From West Philadelphia to Ivy League, local student is making history

Local high schooler works way to top in polo field

PHILADELPHIA (CBS) -- From West Philadelphia to the Ivy League, Alyssa Perren has worked her way to the top not only in the classroom but also on the polo field. The Paul Robeson High School student is also making history in the process.

Alyssa was 3 years old the first time she got on a horse.

"It's crazy because I don't really remember having fear," she said. "I always knew that polo is what I'm going to do."

For the past three years, the 17-year-old has spent countless hours at Chamounix Stables nestled in the heart of Philadelphia's West Fairmount Park.

"There's no better feeling in the world," Alyssa said. "It makes me feel like I can just immerse myself into a whole different world."

Her hard work all led up to this emotional moment a few weeks ago.

Alyssa recently found out she has earned a spot in Harvard University's Class of 2027, where she'll also be playing on the women's polo team.

"It still hasn't really settled in that that's where I'm going to go," Alyssa said. "I knew who I did it for, from the beginning."

To understand who she did it for, you have to understand where she's come from.

"It feels like home," she said. "I never stopped longing to be here."

Alyssa learned to play polo through a nonprofit organization called Work to Ride, an equestrian program for inner-city kids in Philadelphia.

"It gives us a home away from home. It allows us to kind of find a place that's safe," Alyssa said. "And to just be together."

"My real journey started when I was around 14 years old," she added, "and my dad was like, if this is something that you want to do, you really have to put forth the effort, and this is going to be all you. So, it taught me to be independent and to really commit to something."

Alyssa is weeks away from graduating from Paul Robeson High School in West Philadelphia, where 100% of the students are considered to be economically disadvantaged. She's the first student ever from Robeson to be accepted to an Ivy League school.

"I was screaming at the top of my lungs, inside of my office," Paul Robeson High School principal Richard Gordon said. "We were a school 10 years ago that was on the closing list to be permanently closed by the City of Philadelphia. To turn this school around, and reach this pinnacle of now having students attend Ivy League schools, it's an amazing transformation. She's the actual symbol that dreams do come true." 

"We're so proud of her. We're in awe of her," Irene Lobron with Work to Ride said. "She's really just taken advantage of every opportunity she could."

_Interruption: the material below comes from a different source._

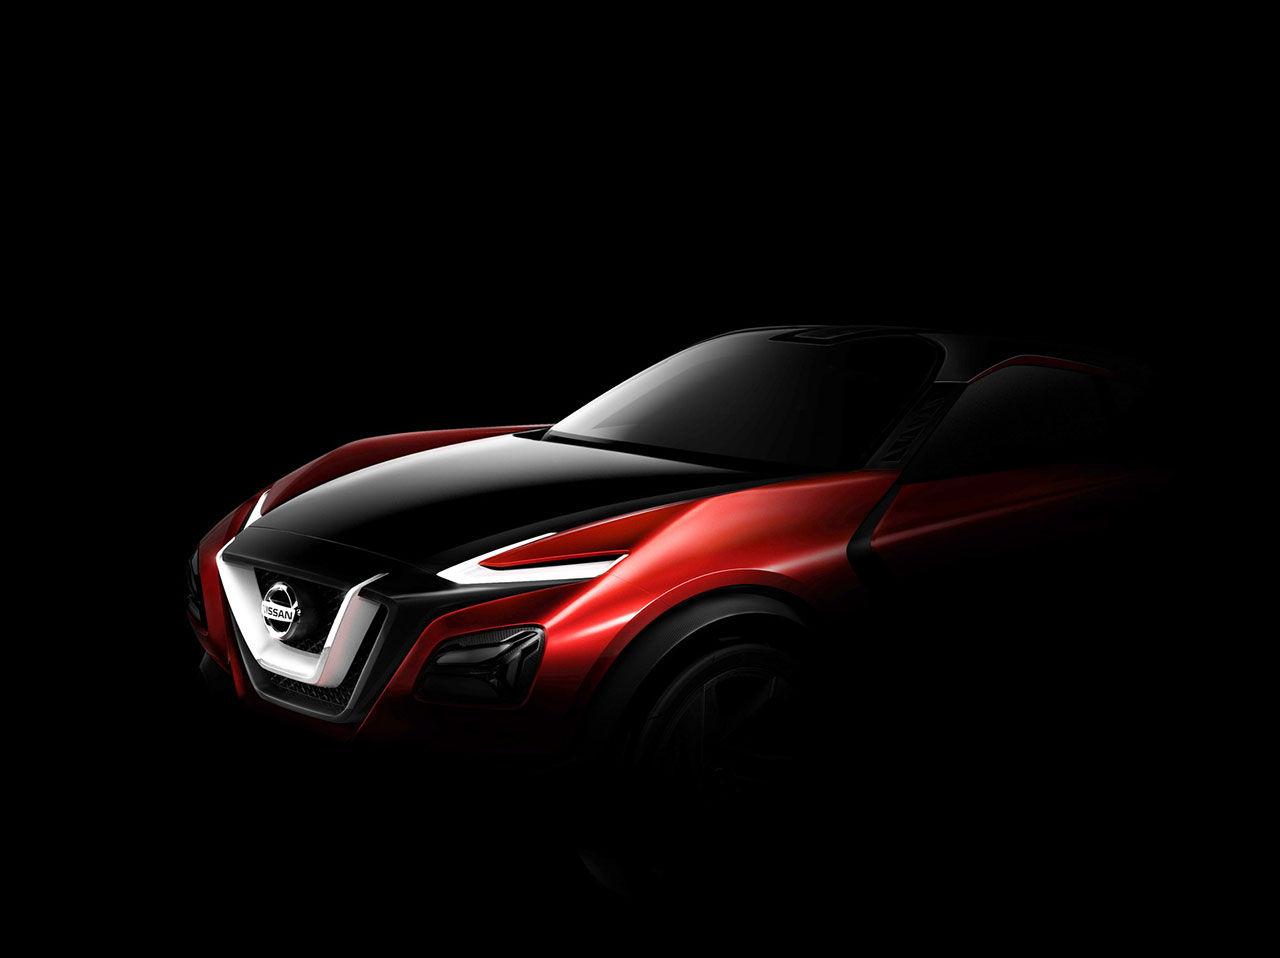 Nissan släpper teaserbild på crossover

"They're like people -- they all have their preferences," Alyssa said. "What they like, what they don't like. Even people they like and they don't."

It makes leaving for Harvard all the more bittersweet.

"I can be a stamp in my school's history book," Alyssa said. "And that makes it so much more worthwhile. I know where I'm going, there's not going to be a lot of people who look like me or who came from a place that I came from."

"I want to show the people who are here that it doesn't matter how old you start, it doesn't matter where you start," she added, "as long as you commit to something that you feel like brings you joy, you can go as far as you want to."

Alyssa's dad was part of the Work to Ride program, when he was student.

Alyssa says the stables at Fairmount Park will always be home and she plans on visiting often, when she's home from school.